PET bottle recycling rate rises to 29.2 percent
Posted on November 15th, 2018 by plasticycle
PlastiCycle is proud to help contribute to the increase in domestic plastic recycling!
Jared Paben
The U.S. PET bottle recycling rate inched upward last year, as domestic reclaimers gobbled up the recovered plastic volumes no longer being consumed by foreign buyers.
The recycling rate was estimated at 29.2 percent in 2017, up from 28.4 percent the year before, according to a report from The National Association for PET Container Resources (NAPCOR) and The Association of Plastic Recyclers (APR). The report was released today.
“Demand for RPET continues to be healthy, and we have capacity and infrastructure to meet those needs,” stated Tom Busard, NAPCOR chairman, chief procurement officer for Plastipak Packaging and president of Clean Tech, Plastipak’s recycling affiliate. “However, we have more work to do to improve the quality and volume of PET that goes to our reclaimers.”
The 2017 report notes a continuation of a trend of decreasing recovered PET exports. Last year, U.S. exports of the plastic constituted the lowest export fraction since 2004, at only 16 percent of total collection. U.S. reclaimers were able to take up the slack, according to the report.
“Total post-consumer bottles recycled and used by reclaimers was supported by strong domestic demand for the material,” according to a press release.
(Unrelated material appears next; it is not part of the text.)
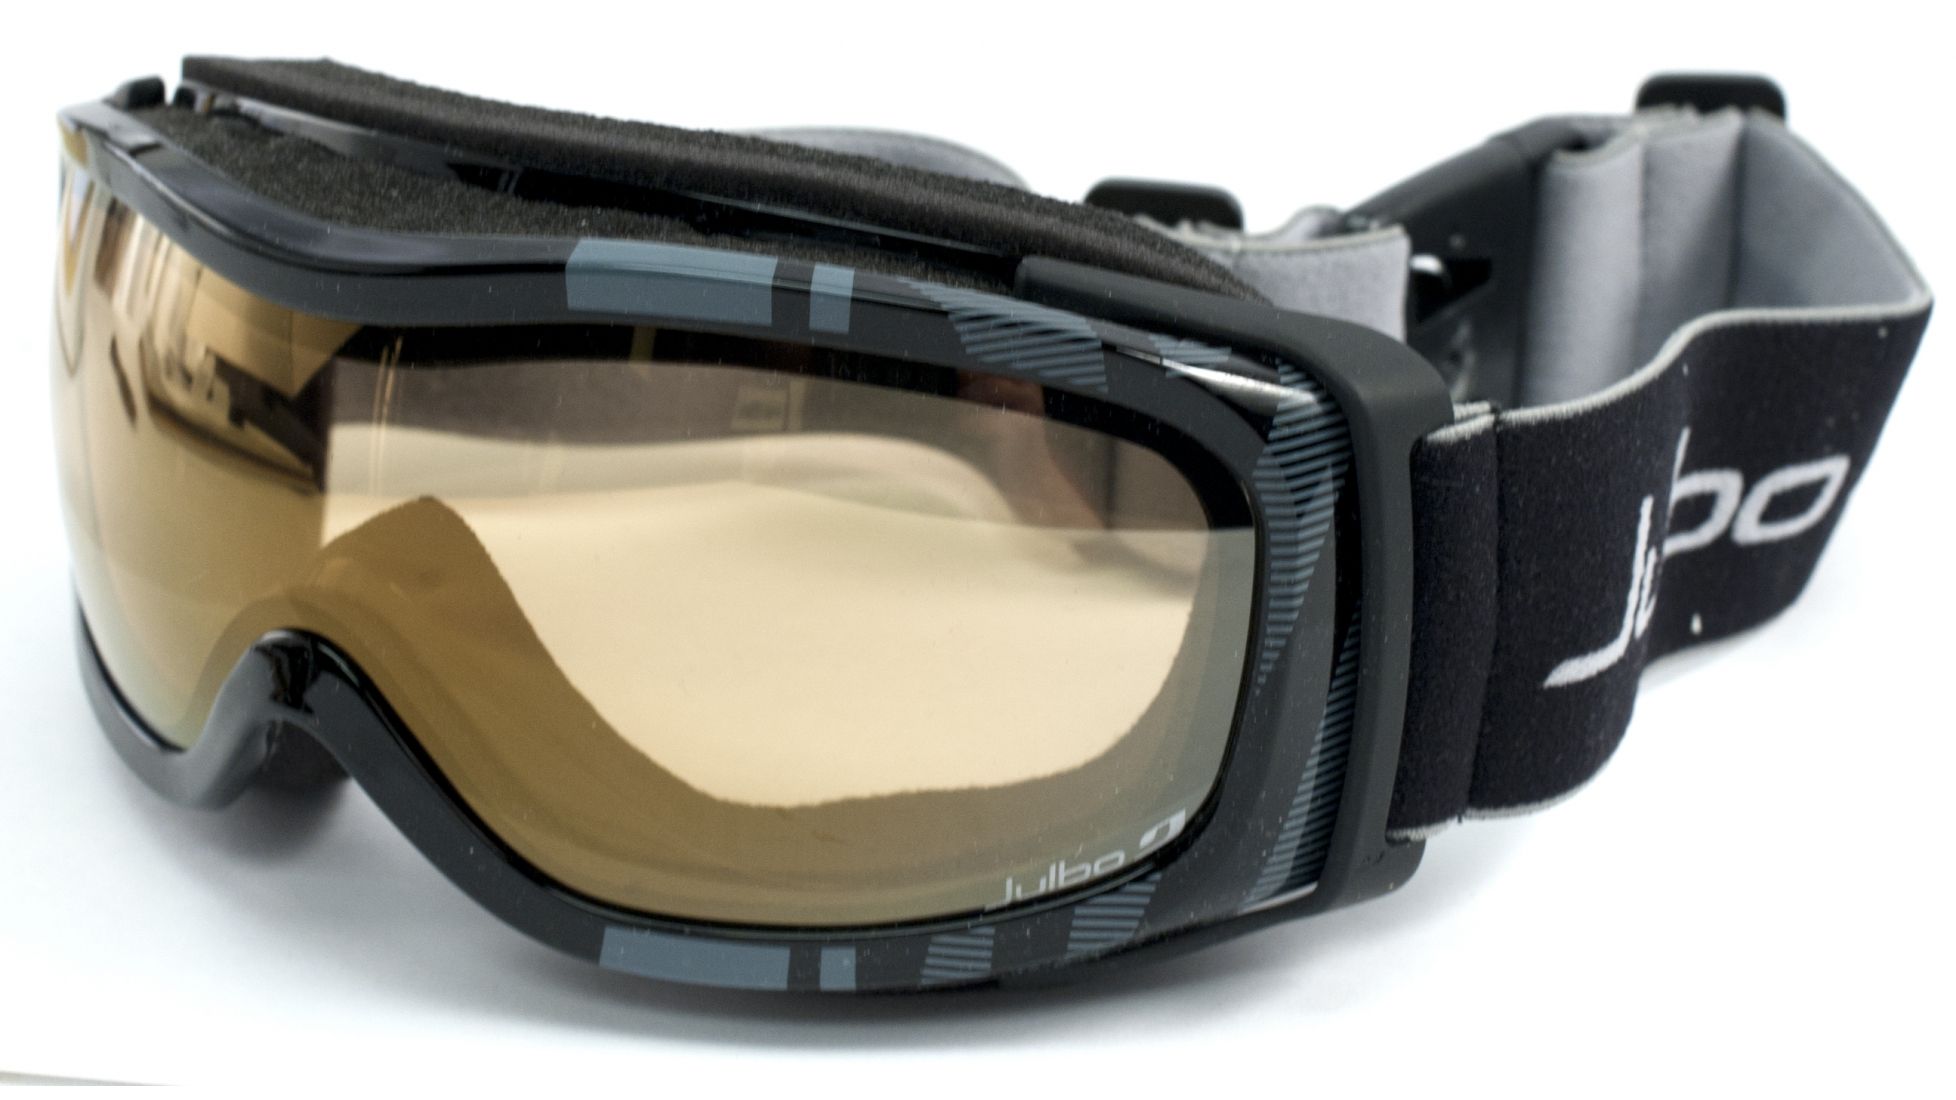 Julbo Eclipse Ski Goggles 5 Star Rating Free Shipping over 49!
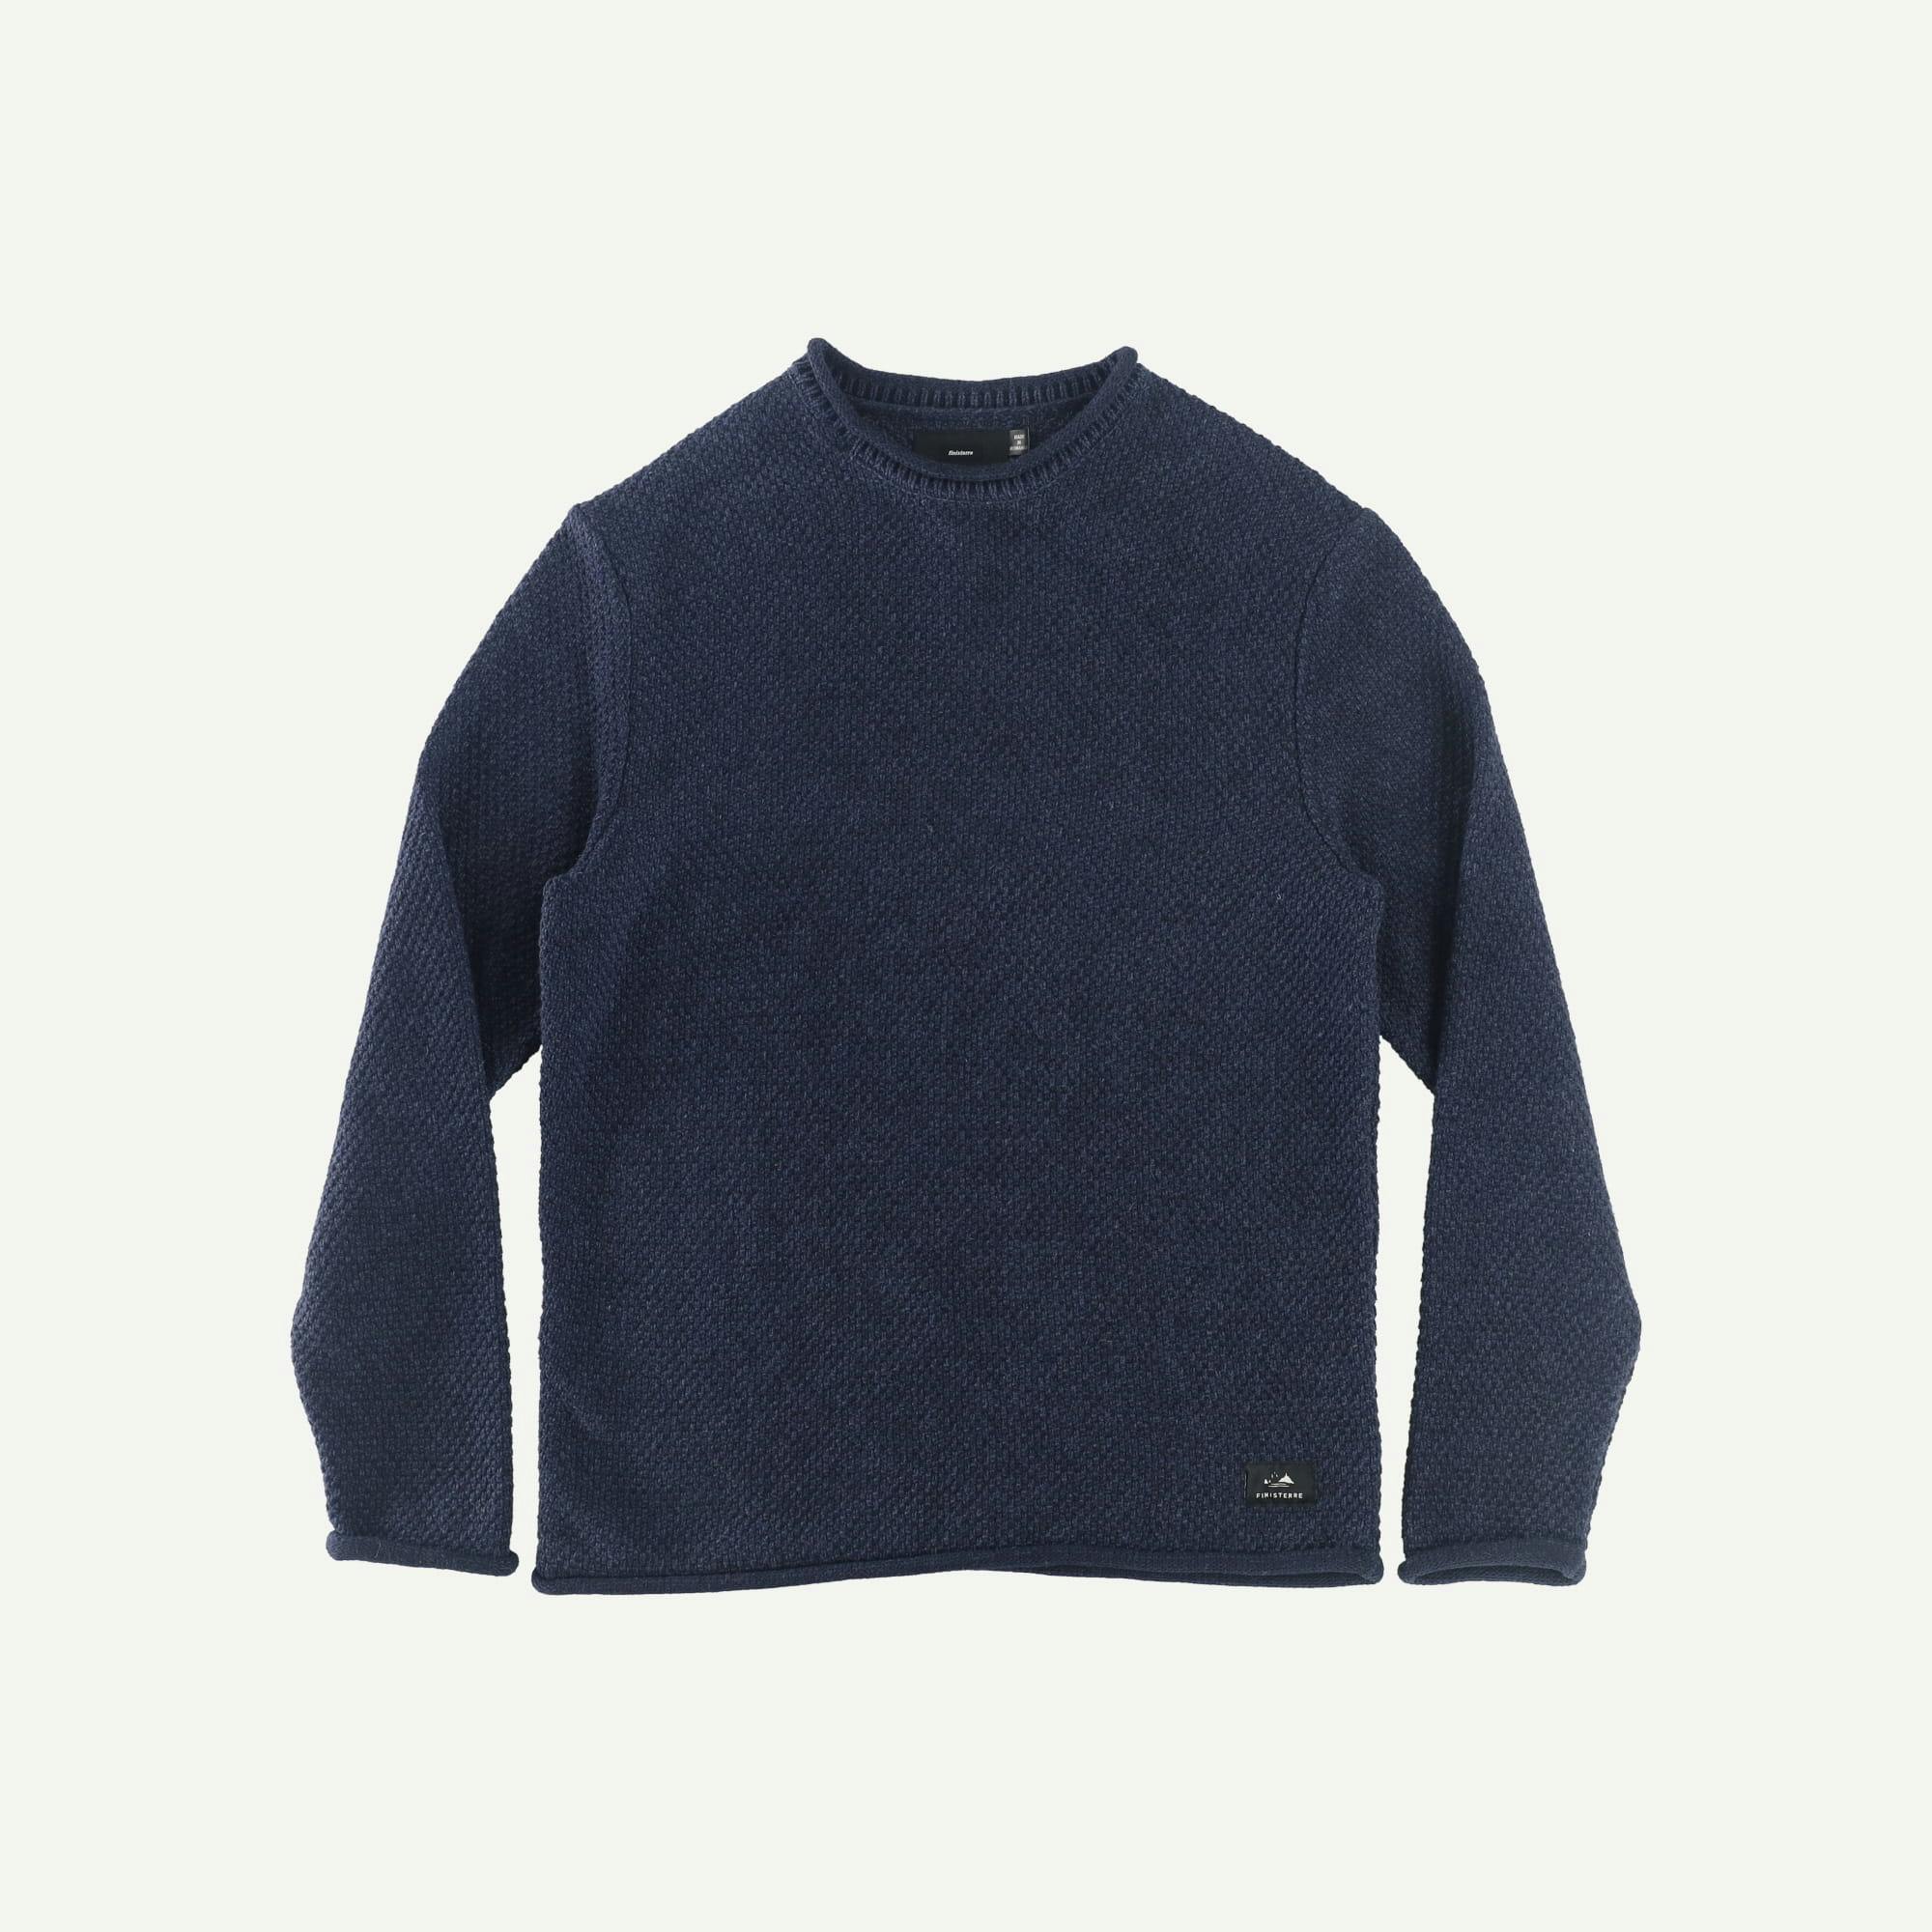 Finisterre As new Navy Barents Jumper

There were shifts in usage by different U.S. and Canadian manufacturers, however. For example, in 2017, total RPET going into fiber, sheet, thermoforms and strapping increased, but the weight going into new bottles decreased.
Steve Alexander, president of APR, noted the keys to continued growth are both increased end-user demand for RPET and designing bottles for recyclability.
“Despite challenges with increased contamination and demand markets, the RPET industry continues to demonstrate its strength in terms of consistent domestic material purchases and investment in enhanced processing capacity,” he stated in the release. “The industry is superbly situated to work with all segments of the demand market to meet their sustainability challenges.”
The 2017 recycling rate signals a halt to the slide experienced a year earlier. Tough markets battered the industry in 2016, leading to a number of plants going off-line, a fact that helped contribute to a lower overall PET recycling rate.
The annual analysis has been produced by NAPCOR for 23 years. This is the 13th year NAPCOR and APR have worked jointly to produce it.
In other PET news, CarbonLite today announced the signing of a contract with Nestlé Waters North America, allowing the PET reclaimer to move forward building a 200,000-square-foot plant in Pennsylvania.